Quizá sea porque esta obra es de lectura obligada en las escuelas colombianas, por desgracia –y digo esto porque en el colegio se la impone poco más que como una obligación que hay que hacer junto con los otros deberes-, o porque representa un doloroso testimonio de la explotación cauchera en las selvas del Amazonas; pero esta obra no deja indiferente a nadie. Toda la sordidez de la jungla colombiana es desnudada en este libro que denuncia el absoluto desamparo estatal en aquellas remotas regiones de la Nación, un testimonio que evidencia el trato inhumano en la explotación cauchera a comienzos del siglo XX.

El poeta Arturo Cova huye junto con Alicia al Casanare debido a que esta última rehúsa casarse con un terrateniente en Bogotá. La tradicional sociedad capitalina no ve con beneplácito este desaguisado por lo que toman cartas en el asunto, decididos a encarcelar a toda costa a Cova, narrador de la historia y aparente personaje de la vida real quien le deja a José Eustasio Rivera los manuscritos originales que conforman el cuerpo del libro.

En esta fuga se toparán con una serie de variopintos personajes curtidos por las penurias del campo y las necesidades del medio, donde la vida y la muerte penden de un hilo. Casi todas las rencillas se resuelven a muerte, no existe la ley, al menos no como una institución concreta del gobierno. Los habitantes del llano y del Amazonas son seres que se mimetizan con el entorno para poder sobrevivir y Arturo Cova no es tan ingenuo como para no apreciar esto, por lo que paulatinamente su carácter será forjado por las durezas de la selva.

En su huida, Cova se siente en clara desventaja en tanto anda junto con su acompañante Alicia. Descubre con amargura que la mujer más que un lujo es un sujeto que requiere ser fuerte como las demás criaturas, por lo que empieza a sentir cierto desapego por Alicia, ya que ella es demasiado delicada para una tierra que exige su cuota de tenacidad para poder salir indemne de sus agrestes rigores:

“Casanare no me aterraba con sus espeluznantes leyendas… Pero Alicia me estorbaba como un grillete. ¡Si al menos fuera más arriscada, menos bisoña, más ágil!

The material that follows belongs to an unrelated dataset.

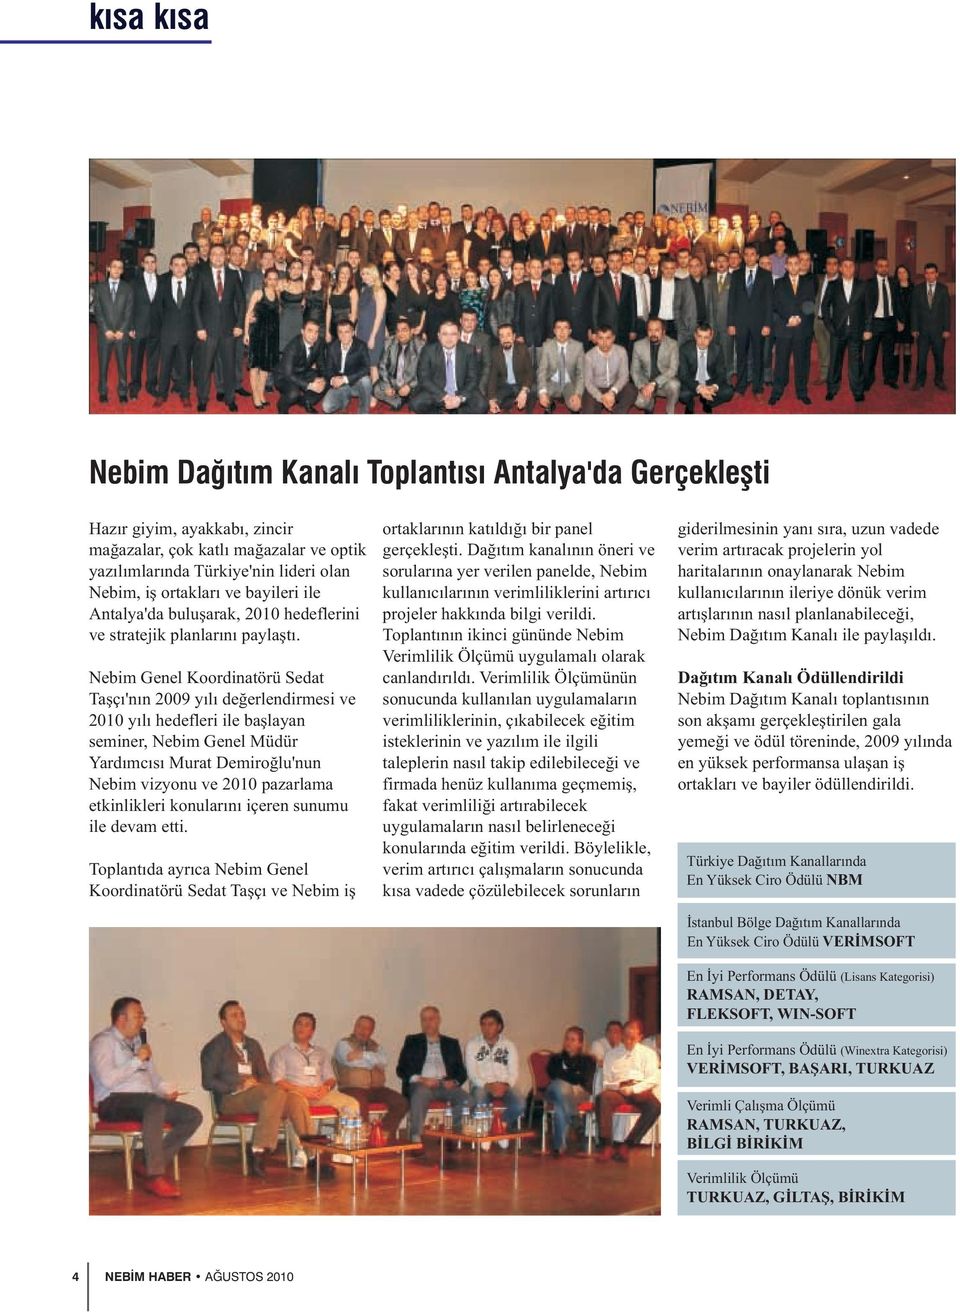 Nebim Genel Koordinatörü Sedat Taşçı'nın 2009 yılı değerlendirmesi ve 2010 yılı hedefleri ile başlayan seminer, Nebim Genel Müdür Yardımcısı Murat Demiroğlu'nun Nebim vizyonu ve 2010 pazarlama

La pobre salió de Bogotá en circunstancias aflictivas, no sabía montar a caballo, el rayo del sol la congestionaba, y cuando a trechos prefería caminar a pie, yo debía imitarla pacientemente, cabestreando la cabalgadura” (Pág. 25)

En esta continua huida se topan con Don Rafael, “Don Rafo”, amigo del padre de Arturo y comerciante de chucherías que anda por las zonas selváticas en busca de clientela para sus artilugios; junto con él, los fugitivos emprenden la travesía que los llevará hasta la hacienda “La Maporita”, sitio en el que viven las mulatas Sebastiana y la niña Griselda, y junto a ellas Fidel Franco (amante de la niña Griselda) y Antonio Correa, dos rústicos vaqueros del llano.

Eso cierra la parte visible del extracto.